Examples of events that should be audit logged are as follows: application specific user activities, exceptions, information security events (successful and rejected events), use of privileges, log-on failed-attempts & successes, log-off, data accessed, data attempted to be accessed, administrative configuration ...

See Details ›

What is the best practice for storing audit logs? ›

As a general rule, storage of audit logs should include 90 days “hot” (meaning you can actively search/report on them with your tools) and 365 days “cold” (meaning log data you have backed up or archived for long-term storage). Store logs in an encrypted format. See our post on Encryption Policies for more information.

Find Out More ›

What are the two types of audit logs? ›

There are typically two kinds of audit records, (1) an event-oriented log and (2) a record of every keystroke, often called keystroke monitoring. Event-based logs usually contain records describing system events, application events, or user events.

Tell Me More ›

Is auditing same as logging? ›

An audit trail offers a detailed record of user actions and system changes for compliance and accountability, while log files focus on monitoring system health and troubleshooting. Both are indispensable in today's digital landscape, ensuring data integrity and system reliability.

Show Me More ›

What is audit management process? ›

Audit management is a quintessential process to ensure that all audit directives are correctly implemented and executed. It encourages any organization to: Improve audit plans. Track and manage audit findings. Boost audit efficiency and cut costs.

Explore More ›

How long should audit logs be kept? ›

For example, you may keep audit logs and firewall logs for two months. However, if your organization must follow strict laws and regulations, you may keep the most critical logs anywhere between six months and seven years. This timeframe is the log retention period.

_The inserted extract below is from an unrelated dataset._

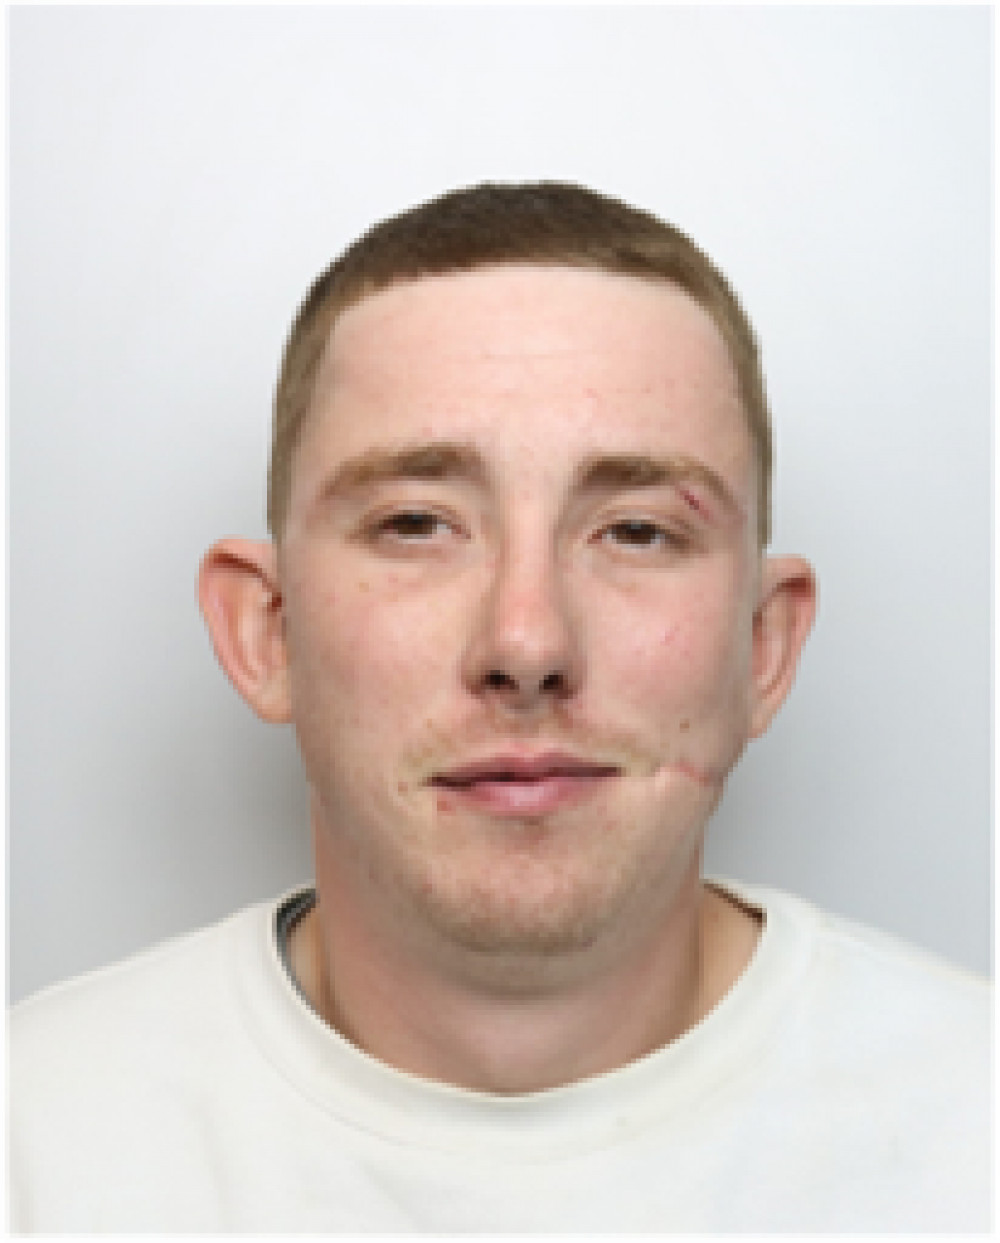 Cameron Smith is wanted in connection with an assault in Congleton. (Photo: Cheshire Police)
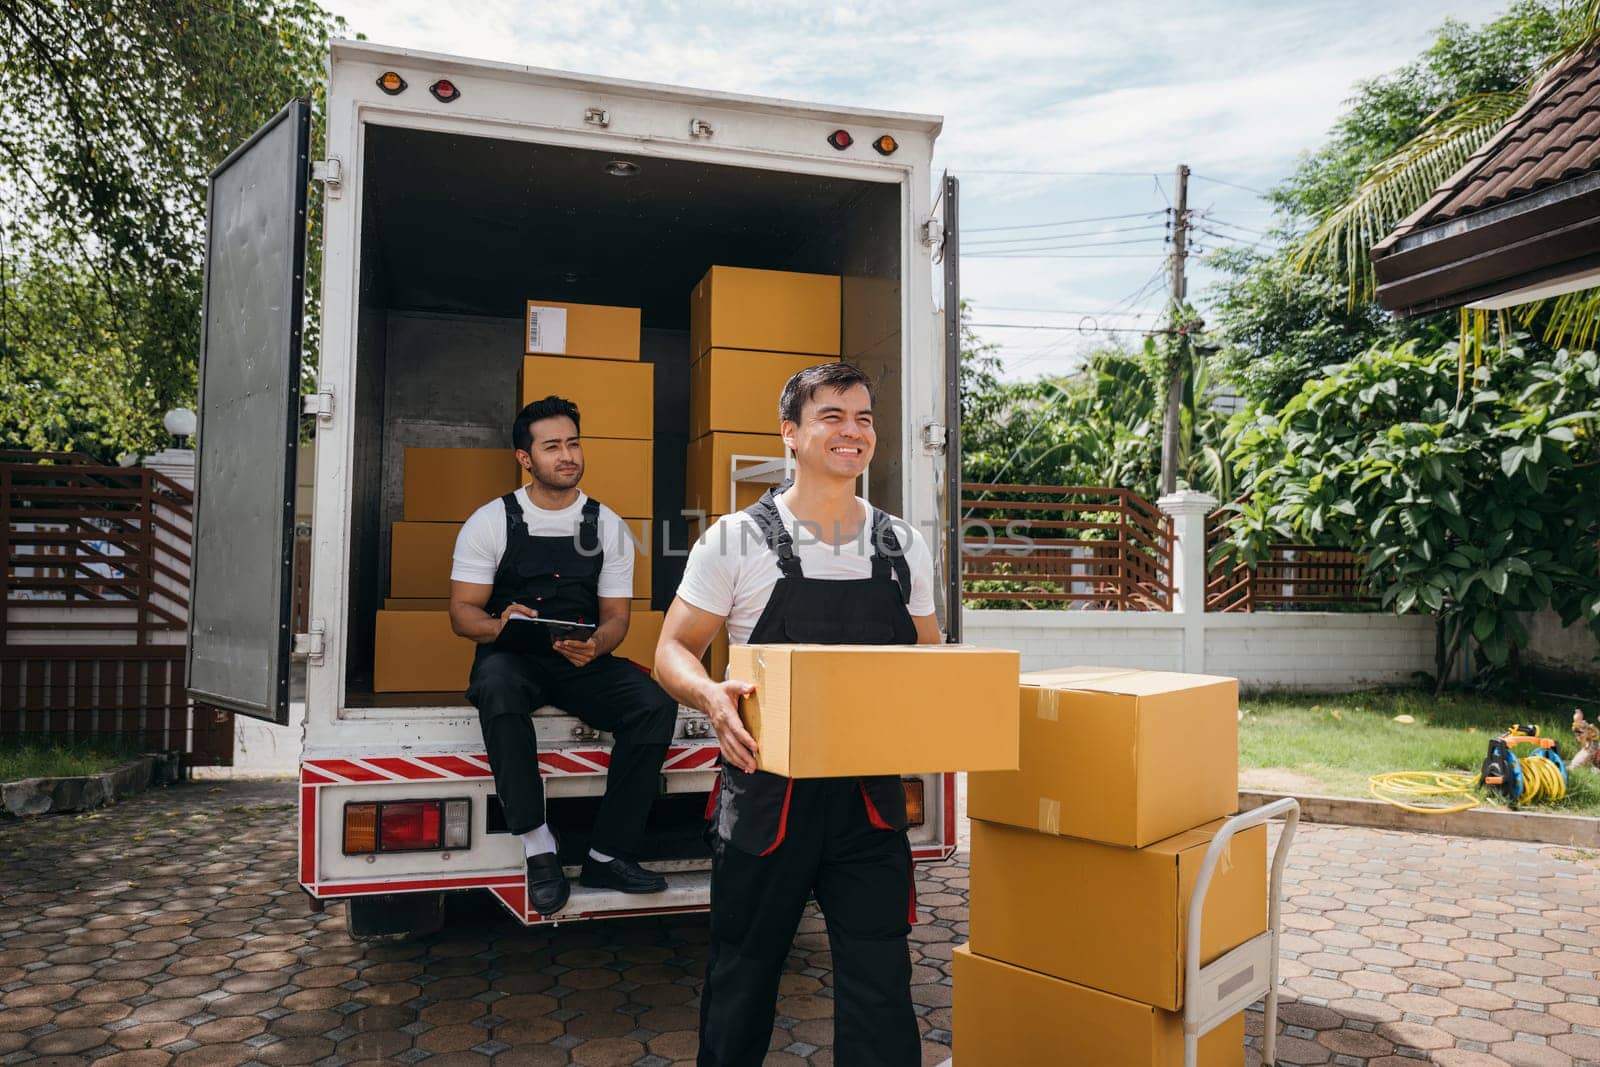 Delivery men unload boxes from a truck. Movers in uniform cooperate in a relocation service. Teamwork and cooperation among colleagues. Smiling workers carrying boxes. relocation teamwork Moving Day

What is another name for audit log? ›

An audit log, often called an audit trail or audit history, is a chronological record of events, actions and changes within a computer system, software application, network or organization.

Show Me More ›

How do you protect audit logs? ›

By encrypting your audit records, only users with access to the encrypting certificate will be able to view the audit logs. Audit logs can be signed to ensure the integrity of your audit data. By signing your audit records, modifications of the audit logs can be traced.

Read The Full Story ›

What is an audit administrator? ›

Responsible for managing staff and assisting in the administration of the Audit Department.

See Details ›

What does it mean to be logged in as an administrator? ›

An administrator is someone who can make changes on a computer that will affect other users of the computer. Administrators can change security settings, install software and hardware, access all files on the computer, and make changes to other user accounts.

Get More Info Here ›

What are administrative logs? ›

Admin logs are generated for administration activities that occur at the level of integration nodes, managed integration servers, and independent integration servers. At the integration node level, the admin log contains information about events such as starting and stopping integration servers.

What is the admin audit log in umbrella? ›

The Admin Audit log records changes that have been made by your administrative team in your organization's Umbrella settings. Logs appear when change events occur in the dashboard, such as adding a user or modifying a policy. You can access data in 90-day increments.